Patrick Gauchat (22 May 1968) is a Swiss General Officer. He is the first Swiss to lead a UN Mission.

== Military career ==
=== Training and first command ===

Promotions
- 1997 Captain
- 2004 Major
- 2006 Lieutenant Colonel
- 2009 Colonel
- 2017 Major General

After training, Gauchat took command of a mountain fusilier company (1997).

=== Service as a staff officer ===
As a staff officer, he performed various commanding duties, including commander of a mountain infantry battalion (2006-2008), deputy commander of the Tenth Mountain Infantry Brigade 10 (2014–2015) and deputy commander of Territorial Division 1 (2016–2017).

=== Service in the rank of general ===
In 2017, he was appointed head of the Swiss delegation to the Neutral Monitoring Commission for the Armistice between the Two Koreas (NNSC).
In 2021, he was appointed head of the UN peacekeeping mission United Nations Truce Supervision Organization supervising ceasefires in Middle East (UNTSO).

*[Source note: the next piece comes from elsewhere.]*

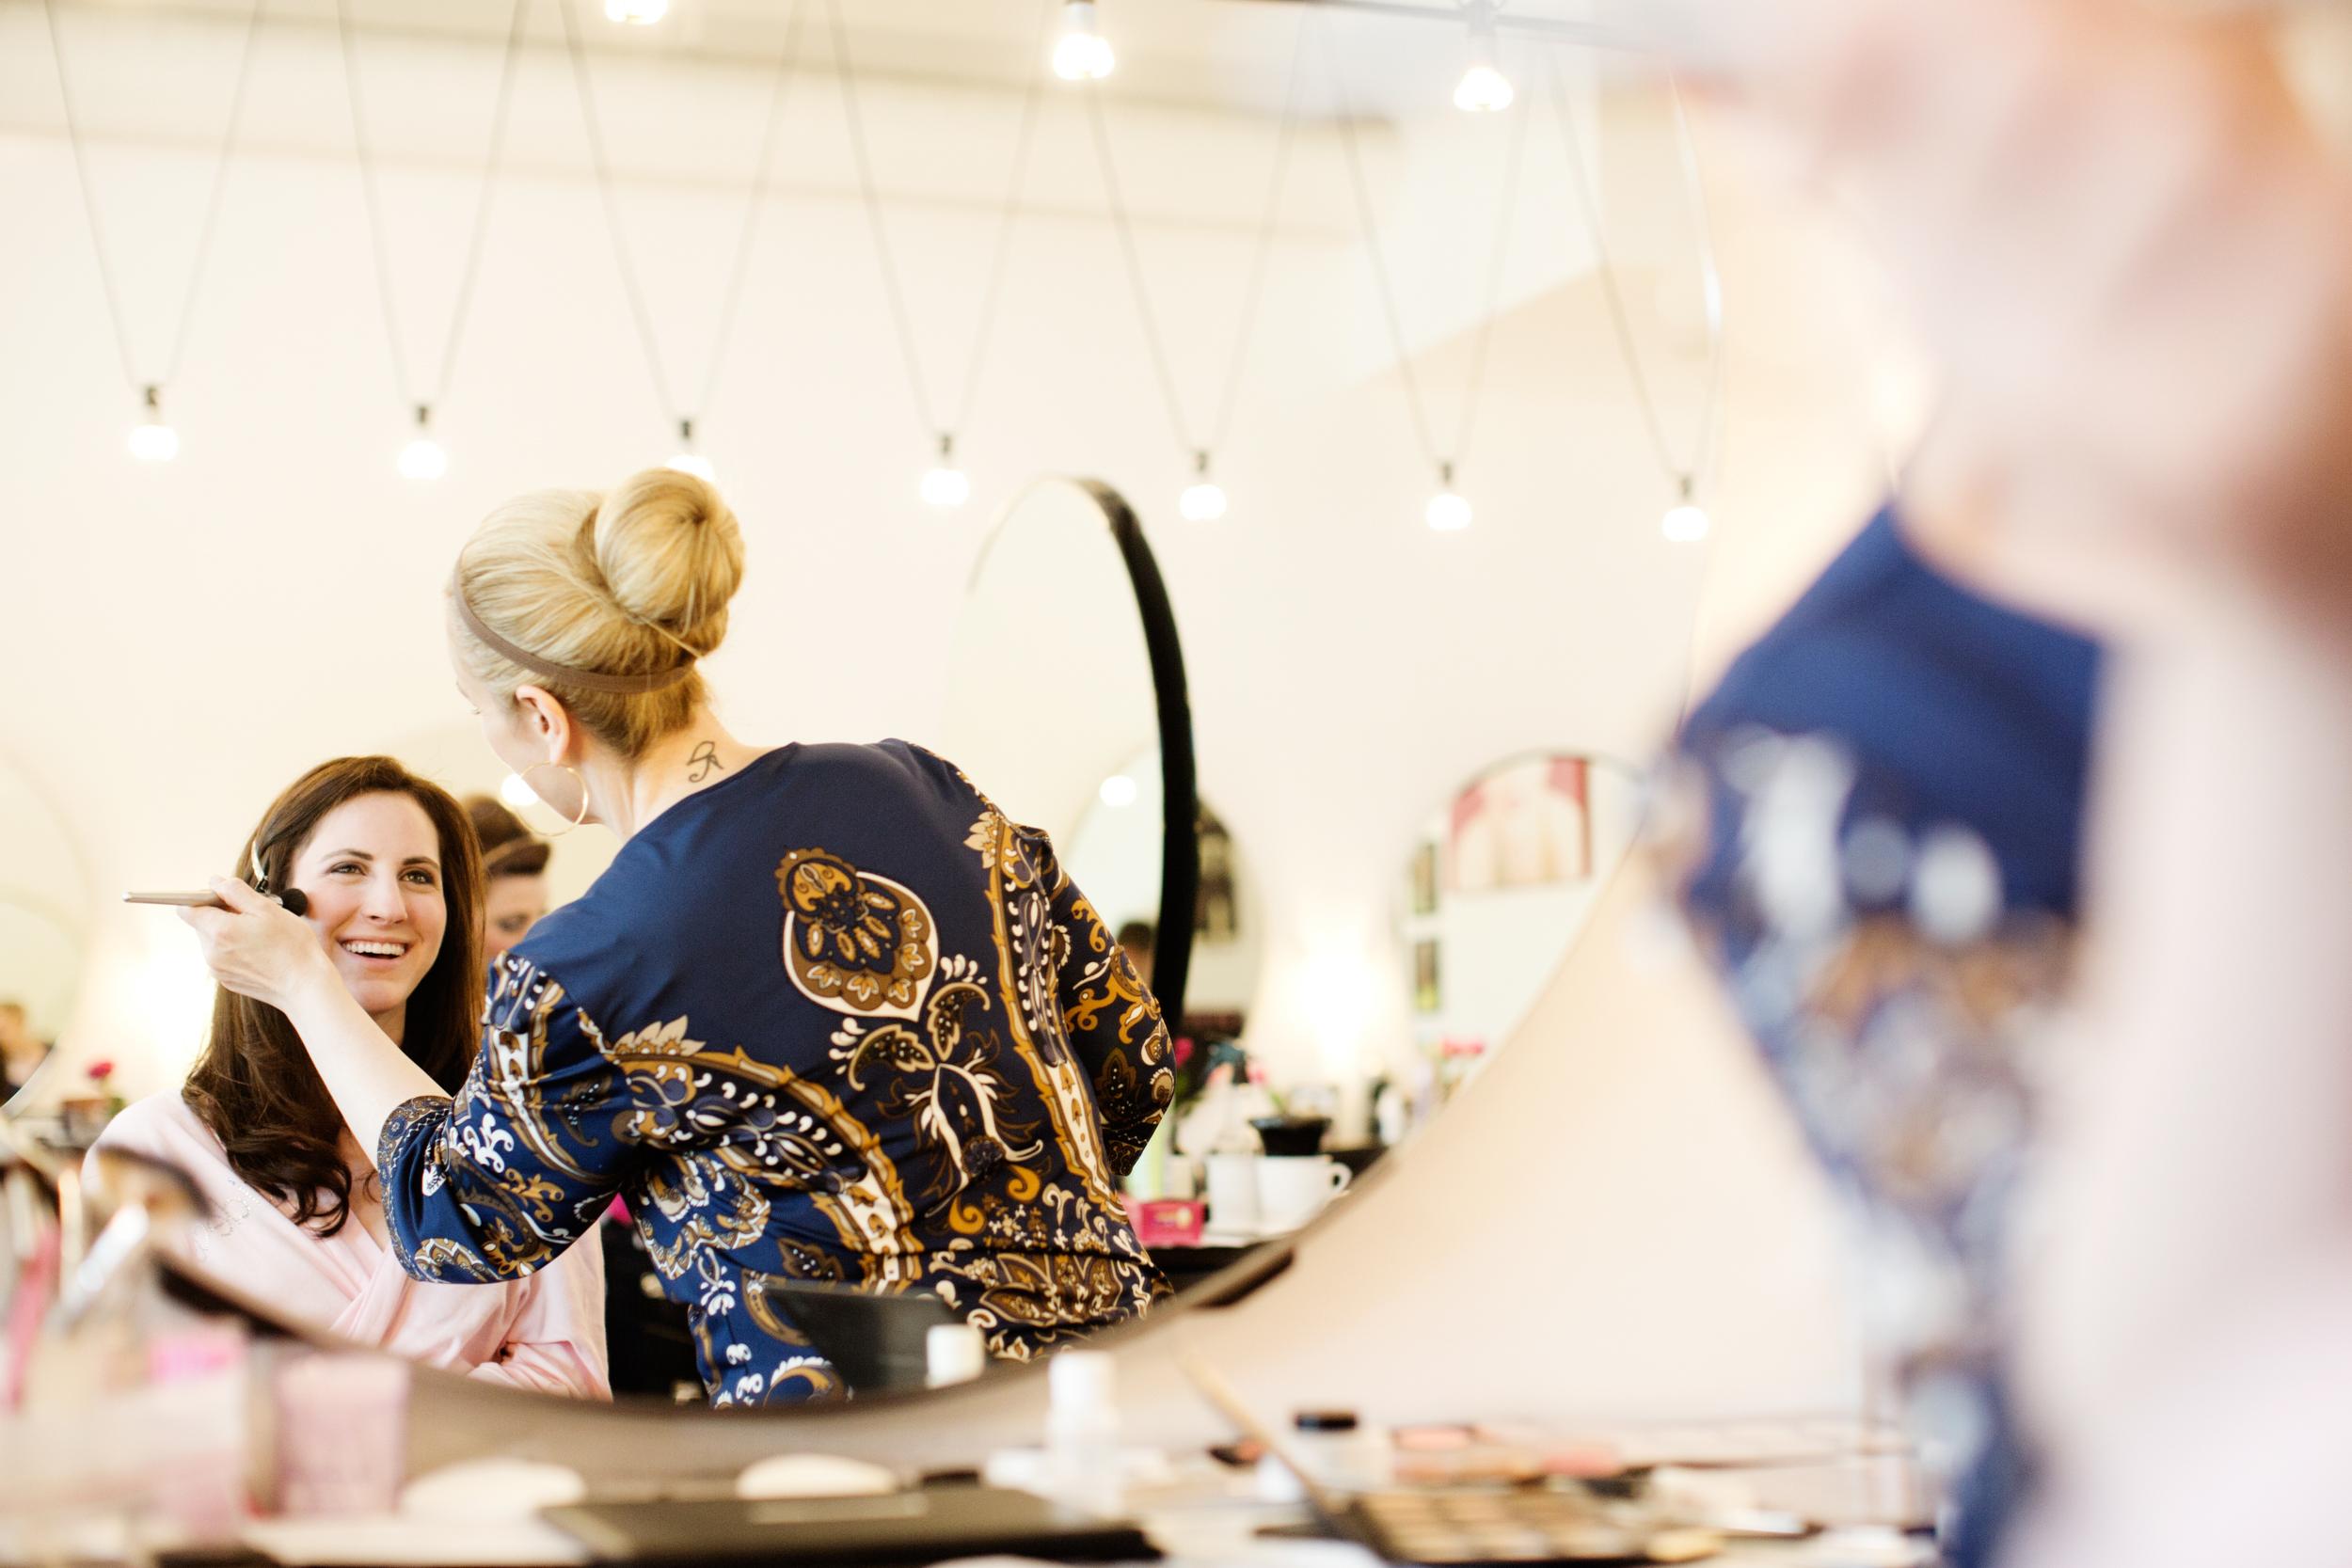 Ceci_New_York_Ceci_Style_Ceci_Johnson_Luxury_Lifestyle_Floral_Lace_Wedding_Letterpress_Inspiration_Design_Custom_Couture_Personalized_Invitations_-96.jpg

=== Overseas assignments===
- 2000 UN Military Observer, UNTSO, Middle East
- 2004 Deputy Head of the Swiss Delegation NNSC, Korea
- 2009 Head of Peacebuilding MONUSCO, later: MONUSCO, Congo und Somalia
- 2011 Deputy Head of Mission UNTSO in Jerusalem
- 2013 Commander Sector North (JRD-N) at NATO's KFOR-Mission in Kosovo
- 2014 Senior Officer Middle East and Asia, HQ at UN, New York City
- 2017 Head of the Swiss delegation to the Neutral Nations Supervisory Commission (NNSC) (Korea)
- 2021 Head of Mission/Chief of Staff UNTSO

== Private life ==
Gauchat holds engineering degree from the École Polytechnique Fédérale de Lausanne and is fluent in German, English, French, and Spanish.